Outstanding demonstration of "Seek and accept responsibility"!!!  You should be teaching Leadership at the Infantry School.


----------



## pbi (22 Apr 2010)

This business reminds me of a visit to 1 PPCLI by staff of  the US Army Corps HQ from Ft Lewis in the 1990's, not long after we struck down the service regulations and QR&O against homosexuality. I was Adjt at the time. They spoke with the CO, myself, the RSM and perhaps a few others. Anyway, this group of senior officers was very concerned about the impact of allowing openly gay people to serve in the military. I think the "Don't Ask, Don't Tell" policy was being considered in the US at that time.

What we explained to them was that, as far as the battalion was concerned, it was all a big non-event. We hadn't seen any problems of any kind connected with gay soldiers. At the time, most people weren't exactly overjoyed at the change in the CF regulations, but that was about it. The Americans didn't seem very convinced.

When I look back now, I'd pretty much say the same thing as I did then. I've met a few gay soldiers over the years, (two of them are good friends) but only a few. I've never met any whose sexual orientation caused a significant problem for discipline, unit cohesion or operational effectiveness. We've been engaged in a very tough and nasty fight in Afghanistan for nearly a decade now, and I don't see any evidence that our gay soldiers have any negative effect on us whatsoever.
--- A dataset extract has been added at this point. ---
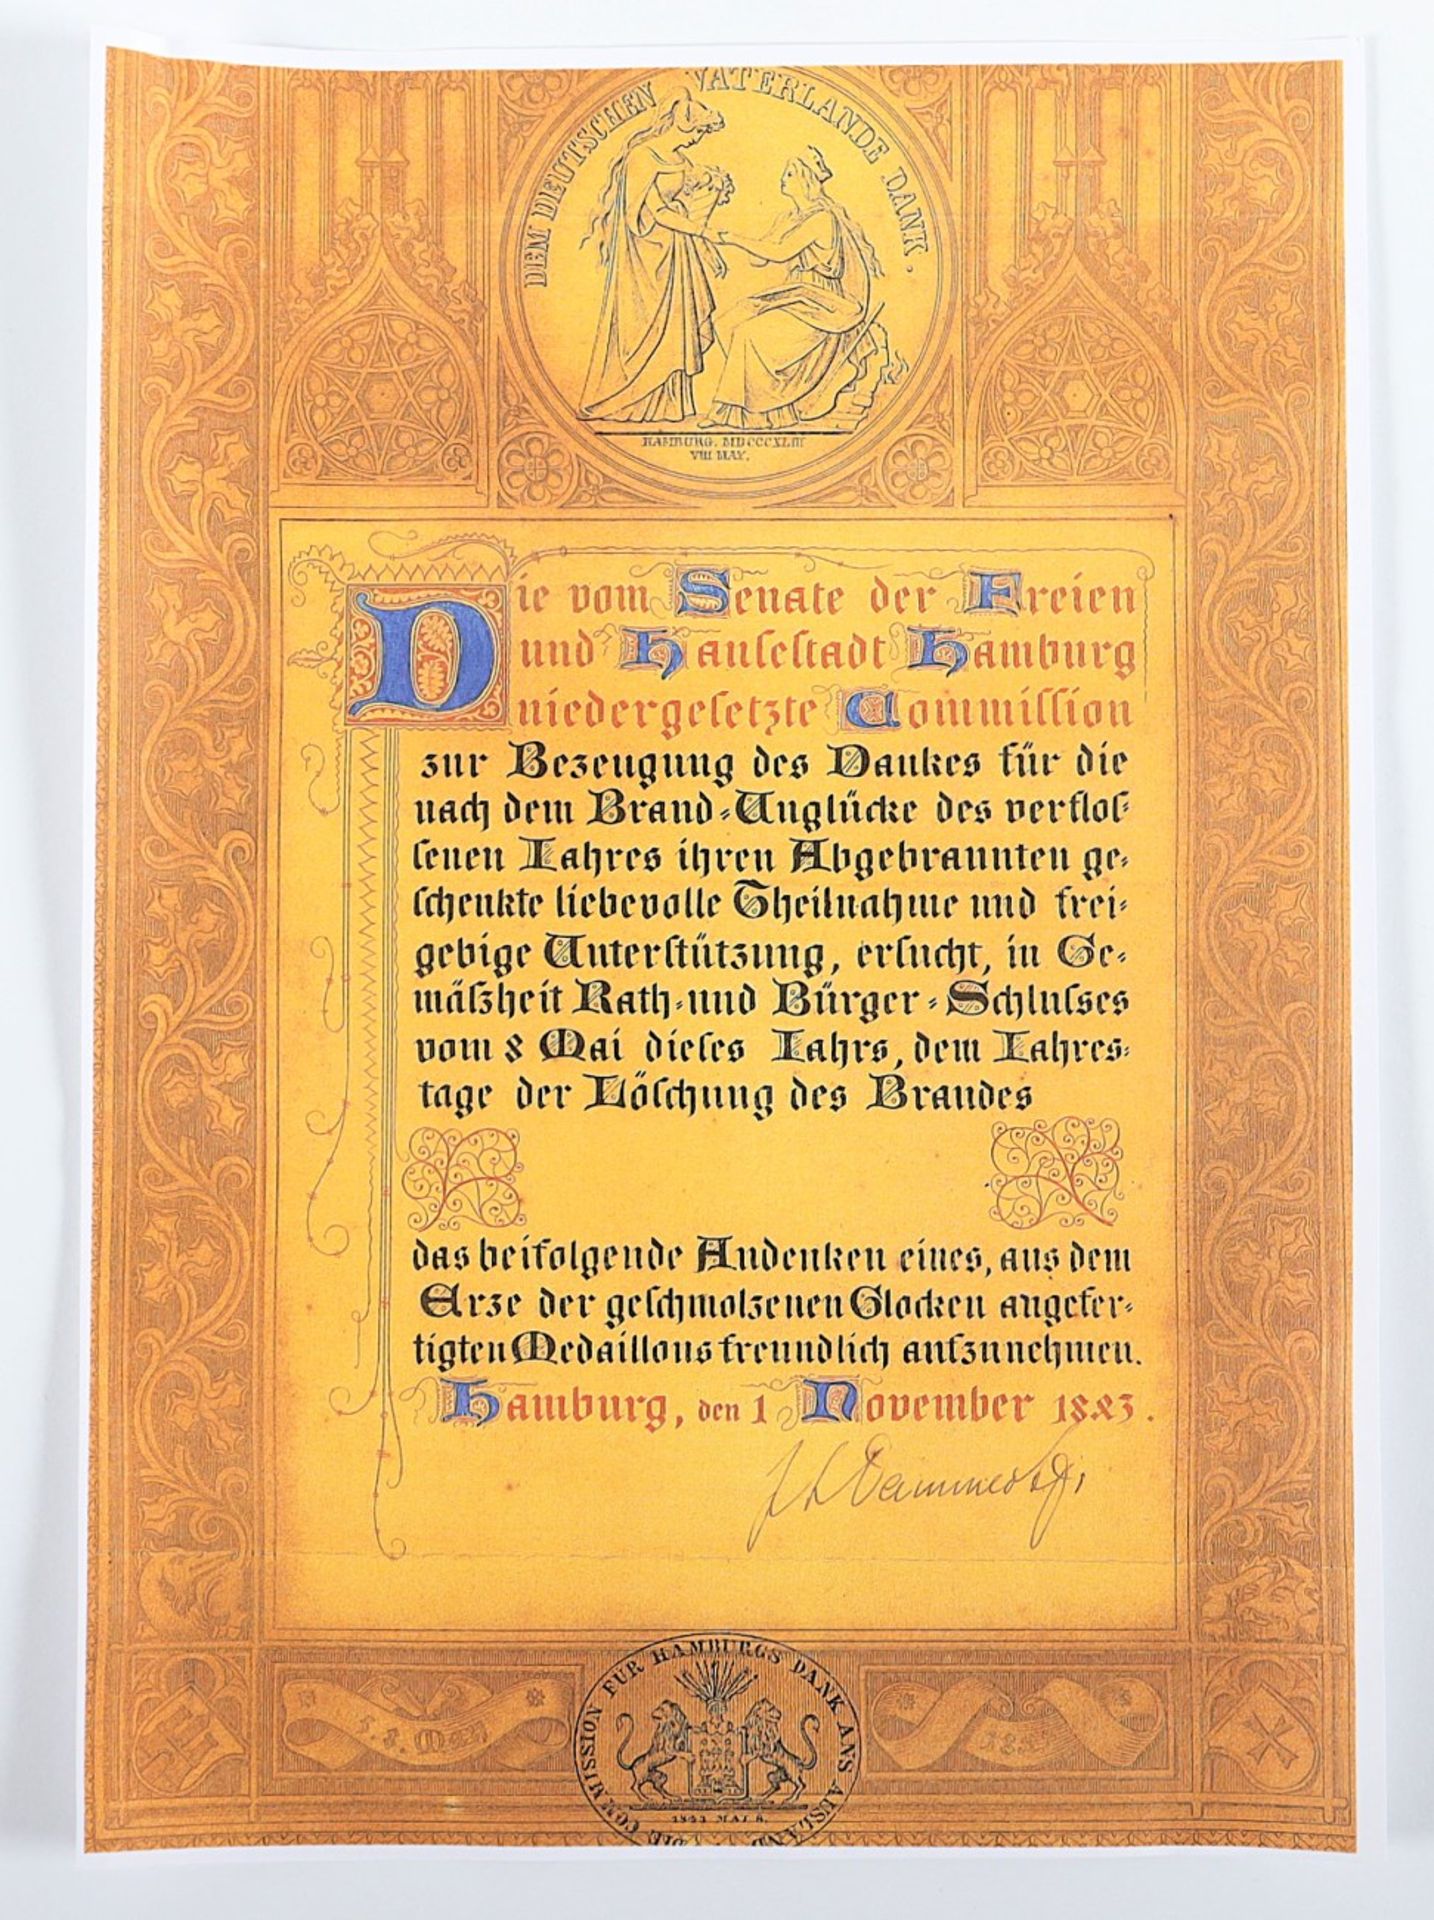 SELTENE MEDAILLE STADTBRAND HAMBURG 1842, große Bronzegussmedaille (Dm 16,5) ausgegeben für die Hil - Bild 3 aus 3

My contacts over the years suggest to me that social and political conservatism runs very, very deeply amongst some members of the US officer corps, far moreso than it does with us. (even though some Canadians probably see us as right-wing jackboot types). I think this was just an example of that cultural difference: the good General obviously thought better of it afterward and issued an honourable retraction.

Cheers


----------



## SeanNewman (22 Apr 2010)

PBI,

Pretty much bang on, Sir.

It has to be looked at as "Is this part of the soldier causing a burden to himself or his peers?", and that question has nothing at all to do with sexual orientation more than it does if they build plastic models and people know about it.

If a soldier is gay but does a good job, then anyone who has a problem with that soldier should be the one getting charged.

The only time a detriment would come into play is if it interfered with life at work, and at that point it would be the same as any other issue that spilled over into military life and caused problems.

I have seen far more disturbances to military life caused by a member's personal life involving bad credit, divorces, fighting at a bar, drinking, gambling, and motorcycle accidents due to stunting than I ever have due to homosexuality.


----------



## pbi (23 Apr 2010)

Petamocto said:
			
		

> I have seen for more disturbances to military life caused by a member's personal life involving bad credit, divorces, fighting at a bar, drinking, gambling, and motorcycle accidents due to stunting than I ever have due to homosexuality.



That pretty much sums it up, the way I see it, too. Any sex-related pers problems I've ever been aware of, or ever had to take action about, were almost always about stupid or criminal heterosexual behaviour. I can only think of one situation involving a problem caused by a homosexual advance to another soldier, and it happened before we changed the rules.

Cheers


----------